Sometimes clients are reluctant to claim "aggressive" discounts because they fear IRS scrutiny. In such cases, we can append fairness opinions (at no extra cost) to our valuation discount analyses. Such an opinion states in essence that "You have asked us to opine as to the fairness of a combined (for example) 30% discount on the subject entity. The attached analysis indicates that a 45% discount is indicated based on entity characteristics and market data. Accordingly, the 30% discount is fair, reasonable and conservative."

The bottom line is that each case must be considered carefully by a competent business appraiser and discounts assigned that make sense and that can be supported.

September 18, 2000 - Buy-Sell Agreement Problems (A 1/3 may not be a 1/3!)

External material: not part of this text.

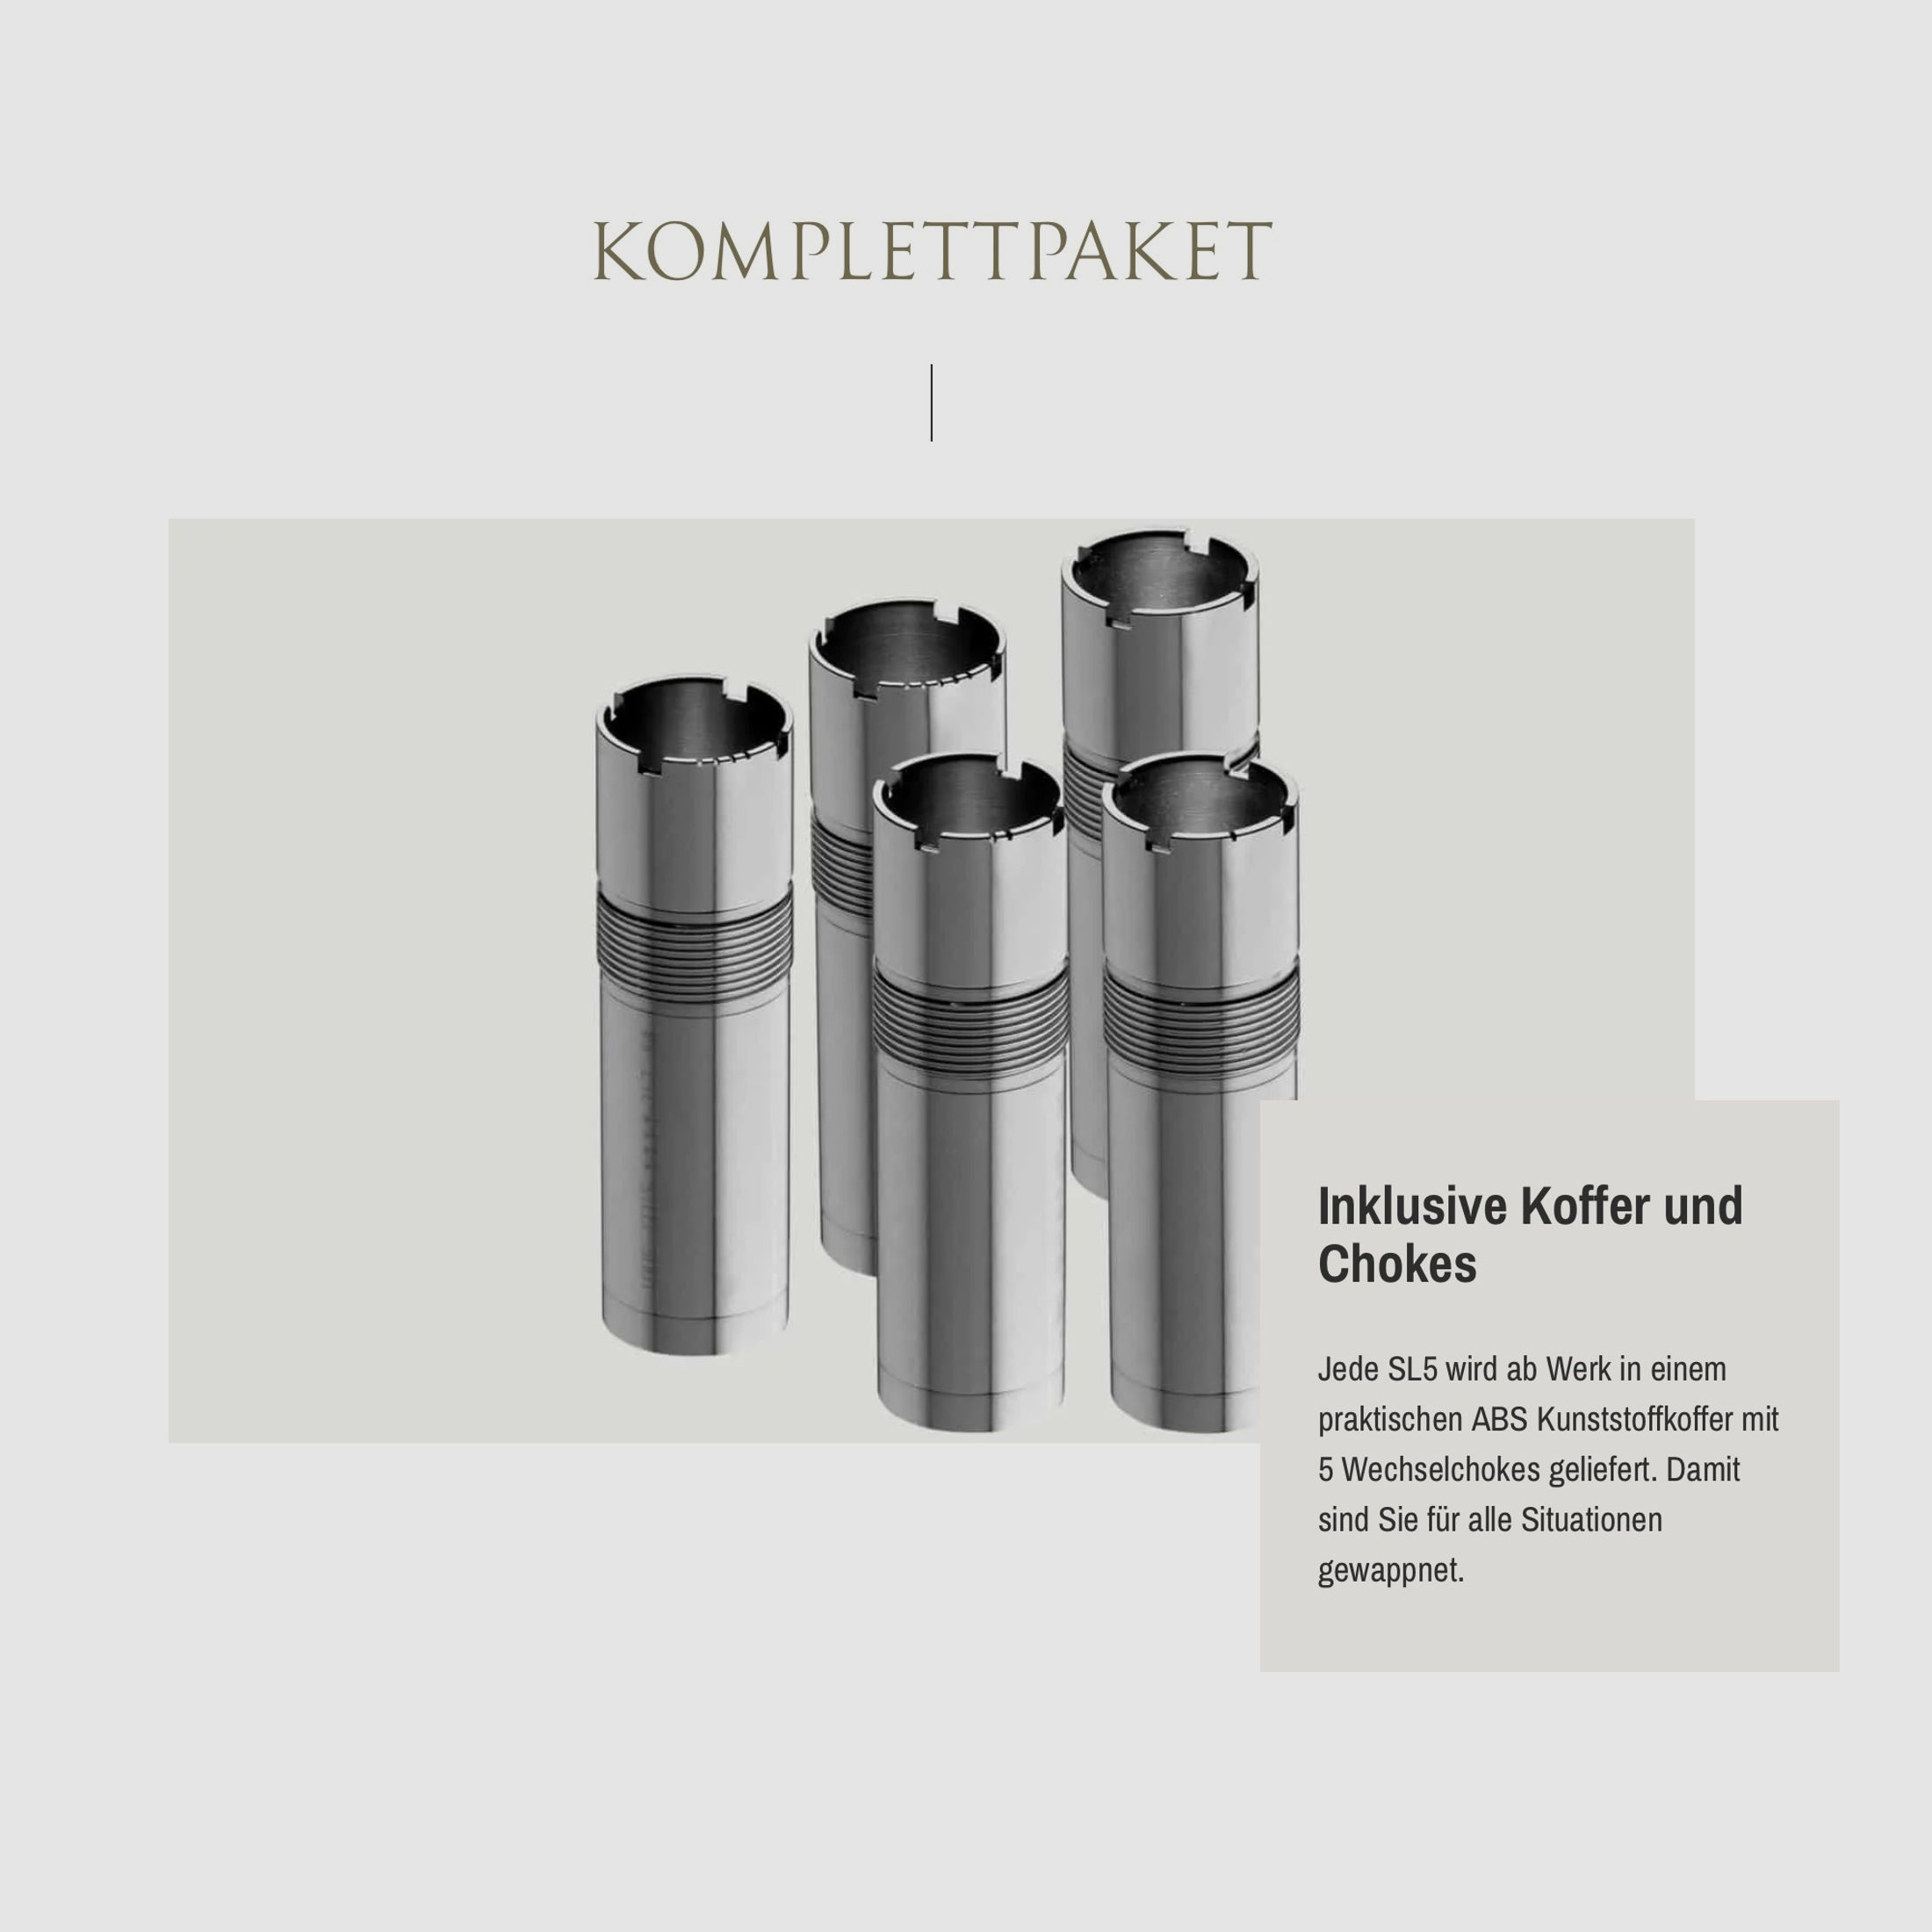 SAUER Selbstladeflinte SL5 Select Kaliber 12/76 70cm Lauflänge Wechselchokes Angebotspaket
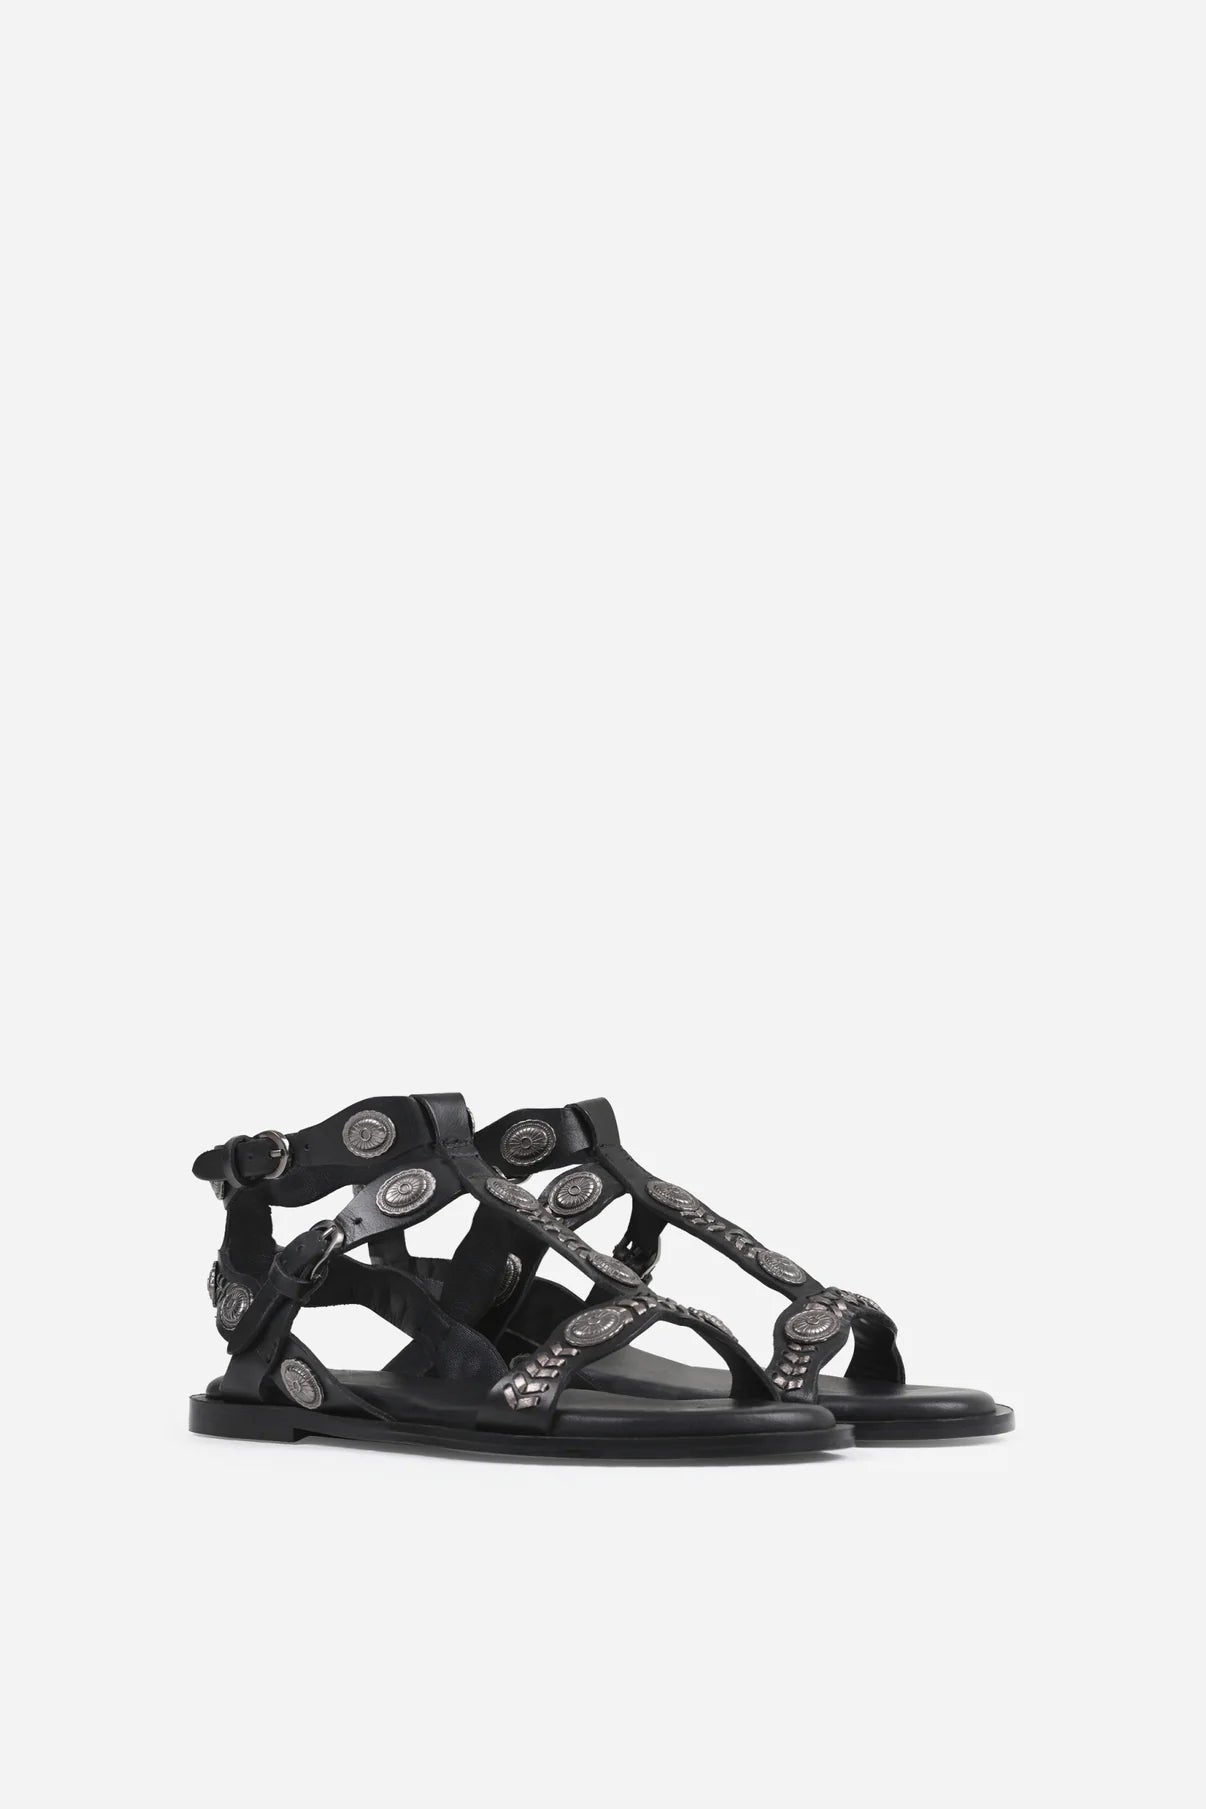 Sky-ler black sandals

One of the biggest problem areas in buy-sell agreements is the valuation provision. Federal gift and estate tax rules require the use of "fair market value" as the standard of value to be used. Many attorneys use "fair market value" as part of the definition in a buy-sell or stock redemption valuation clause. This can be a serious problem in cases such as with three equal "partners." Three equal owners may want to specify that upon the trigger event, that the departing owner receive a prorata one-third interest of the entire business. The standard of fair market value requires a business appraiser to apply a minority discount (often called a discount for lack of control). Minority discounts vary widely but discounts of approximately 25% are very common. Let’s assume that a company owned one-third each by three individuals is worth $300,000. The value for a one-third owner is shown below under two different standards of value:

Fair Market Value:

Total Value-Equity $300,000
Less: Minority Discount 25% or $75,000
Total Value – After Discount $225,000

Value of One-Third Interest $75,000

Fair Value (Pro-Rata Basis):

Total Value - Equity $300,000
Divided by 3

Value of One-Third Interest $100,000

As you can see, the standard of value chosen can make a huge difference in the actual value of a minority interest in a company. Other problems arise by using book value or some other standard—often resulting in a different value than that intended. Buy-sell agreements should specify not only the mechanism for pricing the business; they should also deal with the terms of payment. Remaining owners must be able to make the payments or obvious problems arise.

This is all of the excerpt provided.